The widespread use of sensors in the IoT requires improved miniature energy supplies for long-life operation. This paper describes a flexible polymer gel electrolyte for use with germanium anodes in a lithium-ion microbattery. Germanium has a high energy density but undergoes expansion and contraction during charge and discharge which cause cracks and loss of contact that limit the cycle life. To mitigate the crack formation, a flexible polymer gel electrolyte based on ionic liquid electrolytes has been synthesised with favourable properties (high ionic conductivity 600 times greater than conventional solid-state electrolytes, e.g. LiPON). Germanium anodes used in conjunction with the polymer gel electrolyte demonstrated coulombic efficiencies greater than 99% at typical 1 hour discharge rates.

What exactly have you discovered?
We have developed a simplified synthesis of the polymer gels for lithium ion batteries, which does not require high temperatures or drying under vacuum. Our method can be performed outside of a glovebox at moderate temperatures (50°C). No further treatment such as soaking in electrolyte, or UV irradiation is required once dry. Also, for the first time, the compatibility of DC sputtered Ge thin films with ionic liquid based polymer gel electrolytes is analysed electrochemically.

So what?
The results demonstrate that germanium can be used as an anode in lithium-ion microbatteries with a stable thin film polymer gel electrolyte using non-volatile and non-flammable ionic liquids. This combination offers long cycle life, good cycling efficiency and high electrode energy density to decrease battery size for IoT sensor implementation.

Read the full paper here.

Title: Connected Cows: Utilizing Fog and Cloud Analytics toward Data-Driven Decisions for Smart Dairy Farming
Authors: Mohit Taneja, Nikita Jalodia, Paul Malone, John Byabazaire, Alan Davy, Cristian Olariu
Title: IEEE Internet of Things Magazine

What’s this paper all about?
This paper describes how lameness in dairy cattle can be detected at an early stage, i.e., before visual signs appear to be seen by a farmer.
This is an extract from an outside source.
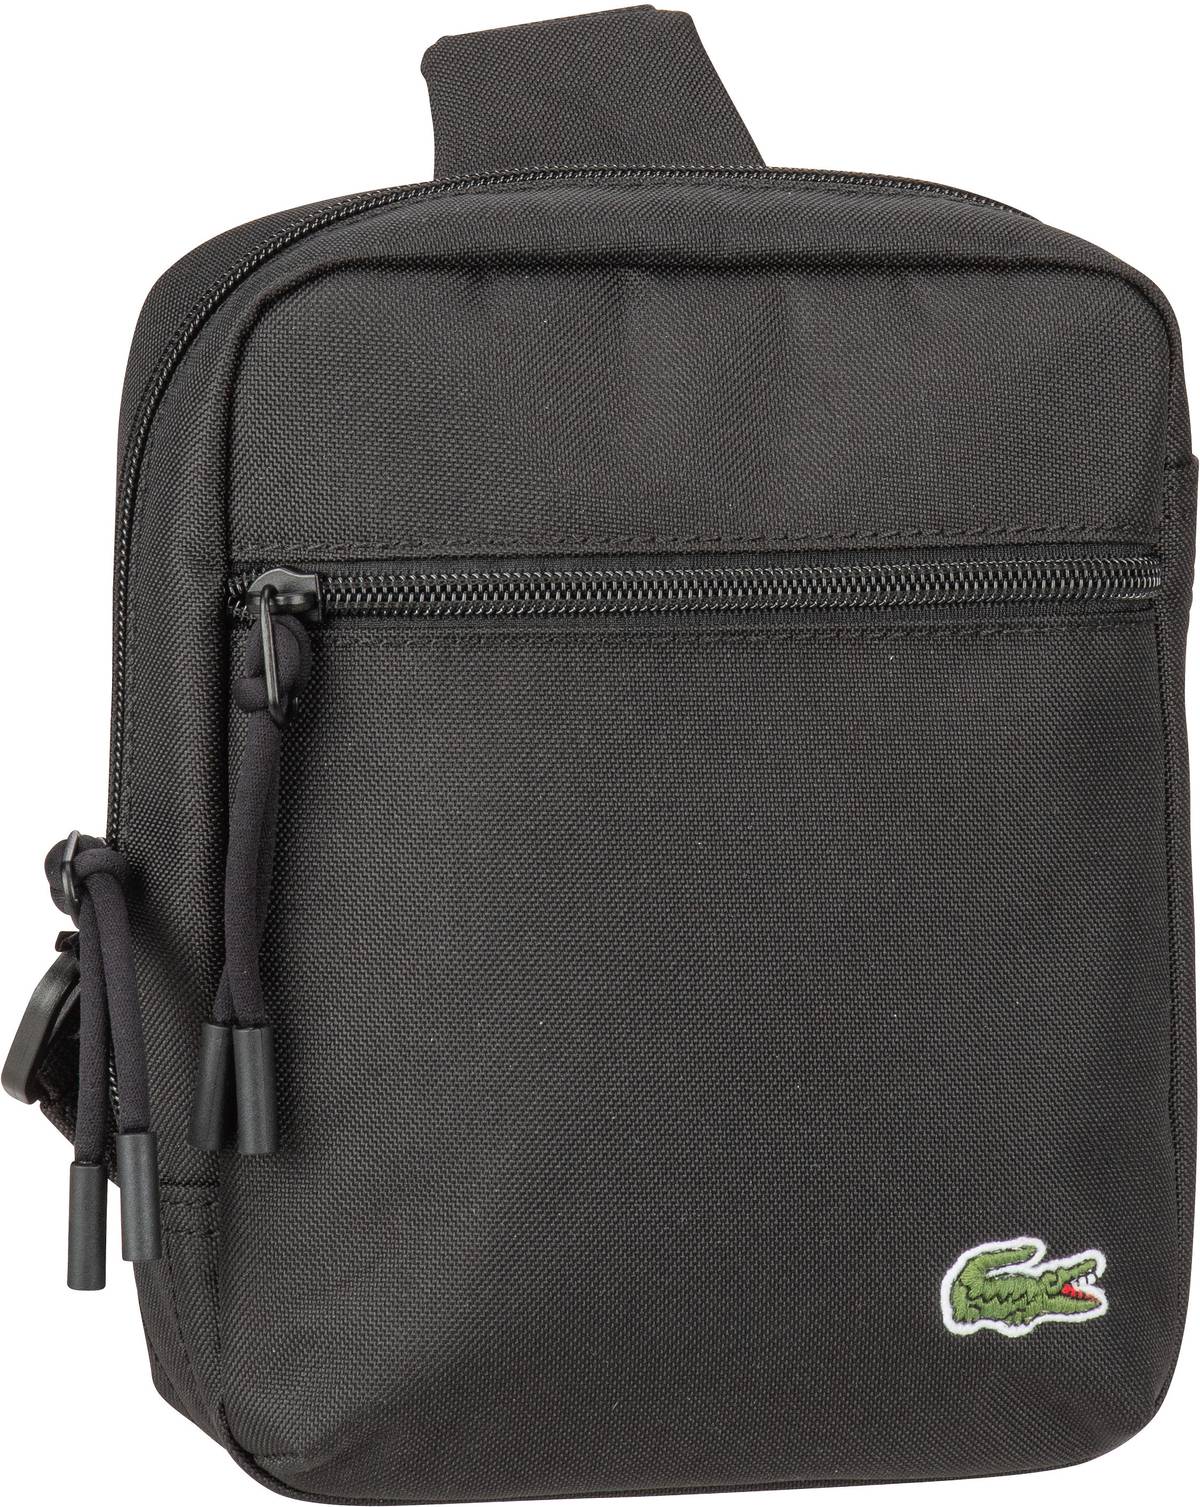 Lacoste Neocroc Body Bag S 4100 - Black

The project draws its results from testing on a dairy farm in Waterford and involved putting wearables on cow’s feet, connecting them to the cloud, and analyzing this data for the early detection of behavioural anomalies.

What exactly have you discovered?
Our system delivers a lameness detection alert up to three days in advance of manual observation using an end-to-end IoT application that leverages advanced machine learning and data analytics techniques to monitor the cattle in real-time.
Fog-based computational assistance enables the intelligent processing of data closer to the source, reducing significantly the amount of data transfer to the cloud.

So what?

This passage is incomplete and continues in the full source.